VQR 5.2.5 Design Document

tamsen edited this page Dec 13, 2017 · 1 revision

Overview

The Variant Quality Recalibration tool (VQR) is a command line tool used to post-process gVCF files. VQR recalibrates the variant quality scores (Q scores) given to variants within a sample, simply based on if the particular variants are over represented in the given sample. This tool was specifically developed to facilitate the filtering of FFPE artifacts on highly degraded samples, but is not limited to these types of signature events. VQR self-discovers which types of variants are over represented, and may be used to filter out a range of system artifacts or upstream sample issues. VQR requires a (g)VCF as input, and outputs an adjusted (g)VCF, where variant Q scores have been downgraded accordingly.

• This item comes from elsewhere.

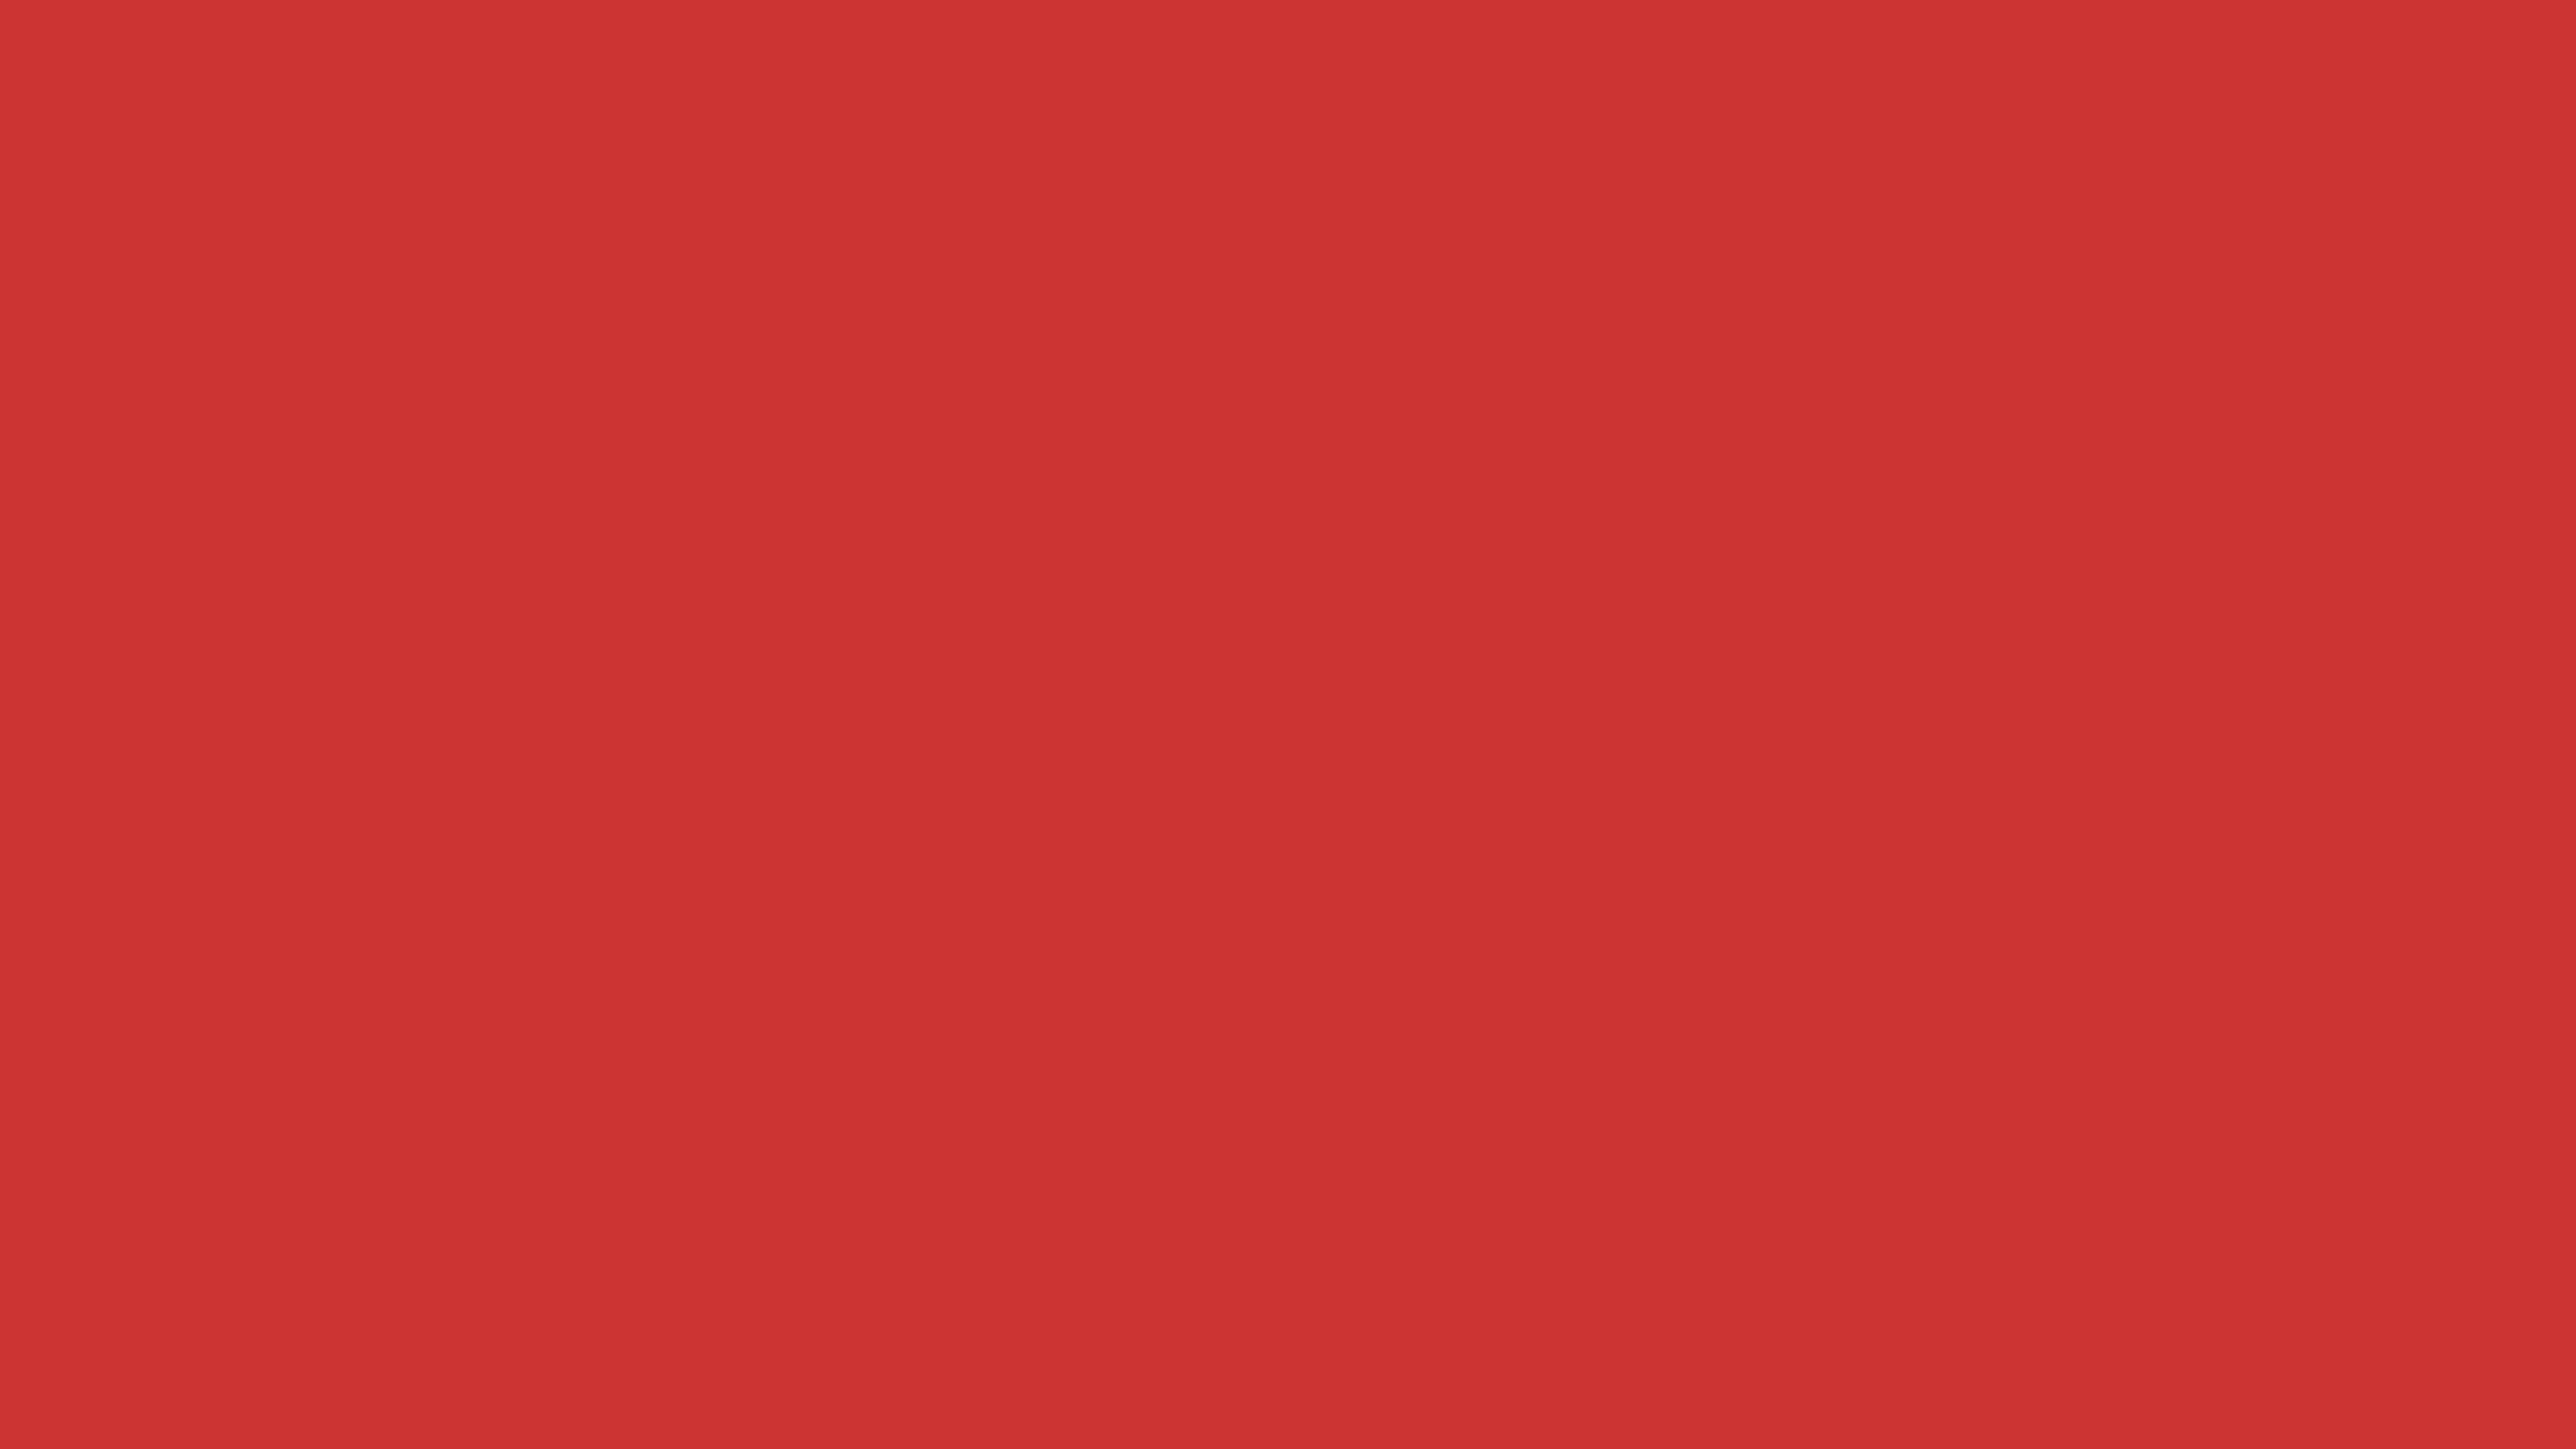 4096x2304 Persian Red Solid Color Background
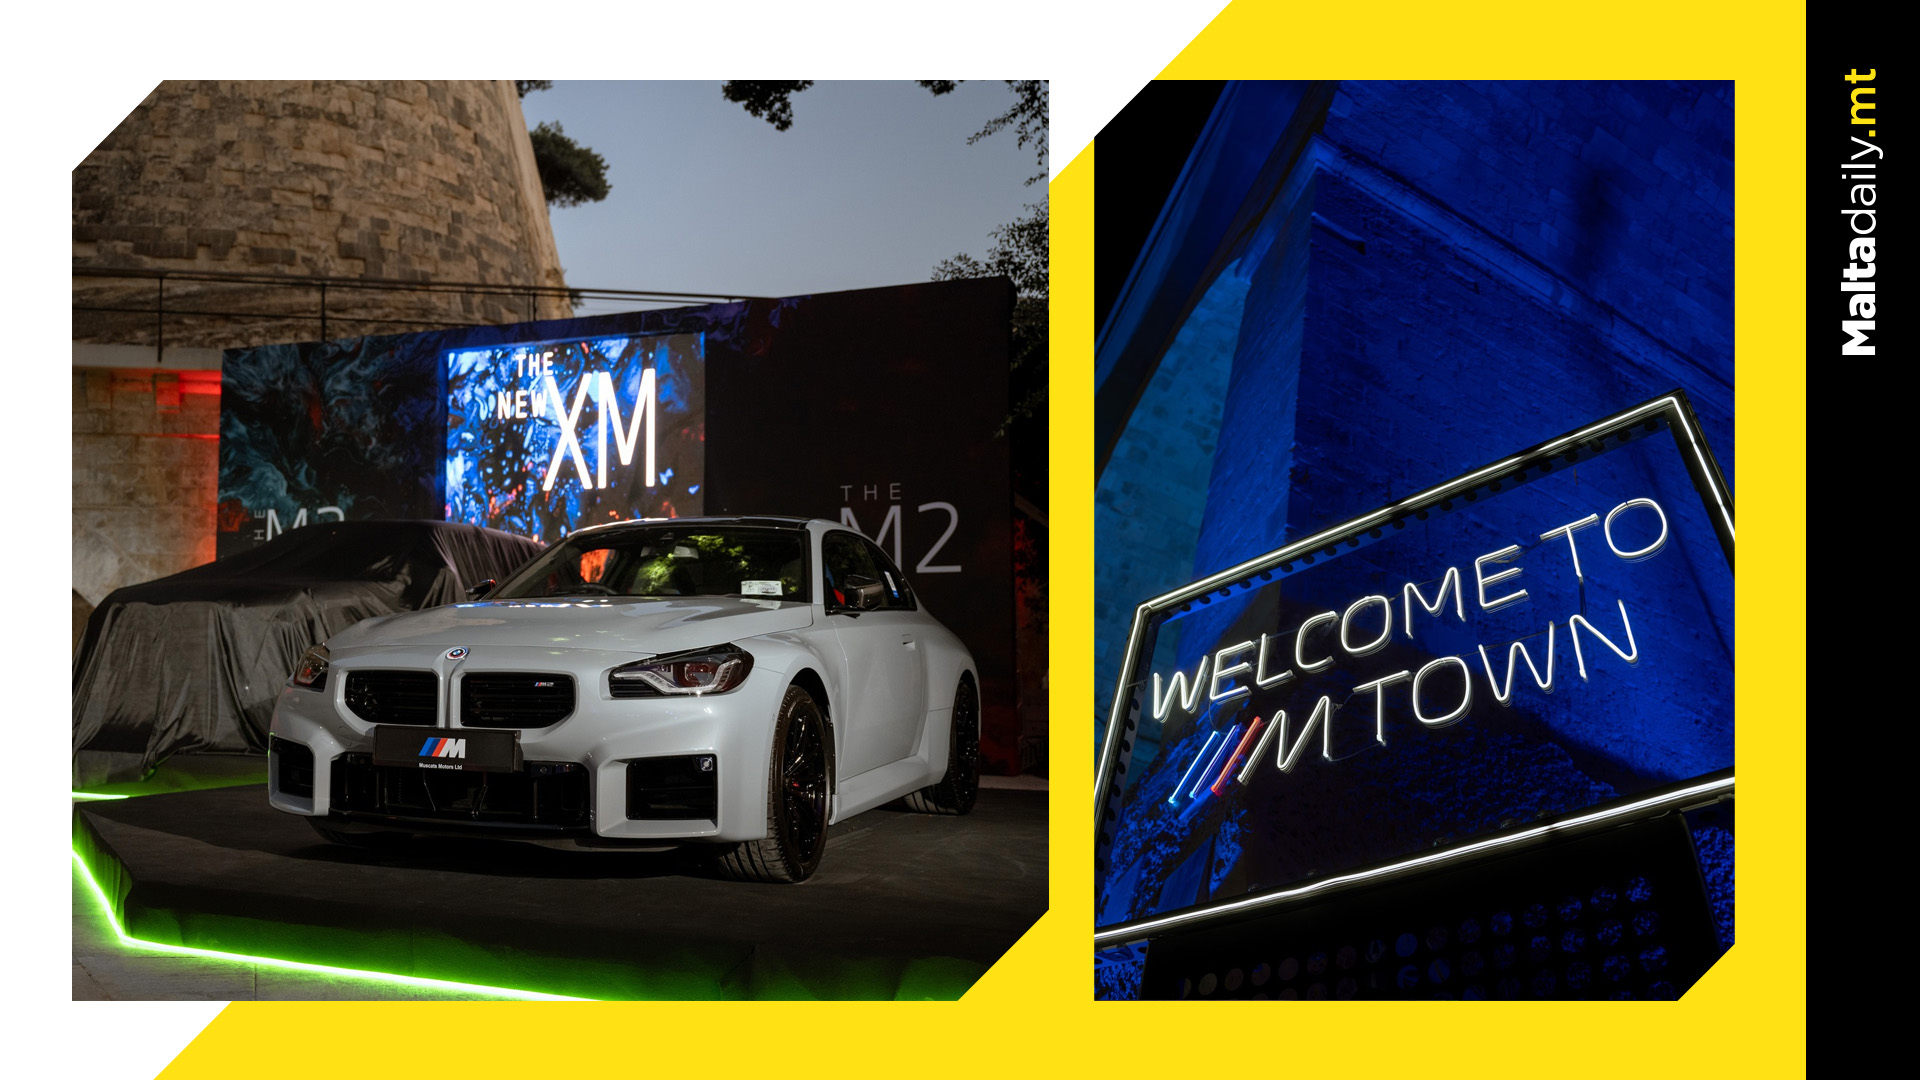 Muscats Motors Presents Exclusive Event Showcasing BMW Luxury Cars and Motorbikes

Pisces VQR works for vcf and genome.vcf input files. It does NOT currently work on crushed/diploid input, because this is not an identified use case for VQR.

Annecdotally, Pisces VQR seems to also work on Strelka vcfs.

Glossary

Pisces Glossary

Configuration

VQR supports configuration of parameters so that its behavior can be fine tuned depending on the application context.

Format: dotnet VariantQualityRecalibration.dll [-options]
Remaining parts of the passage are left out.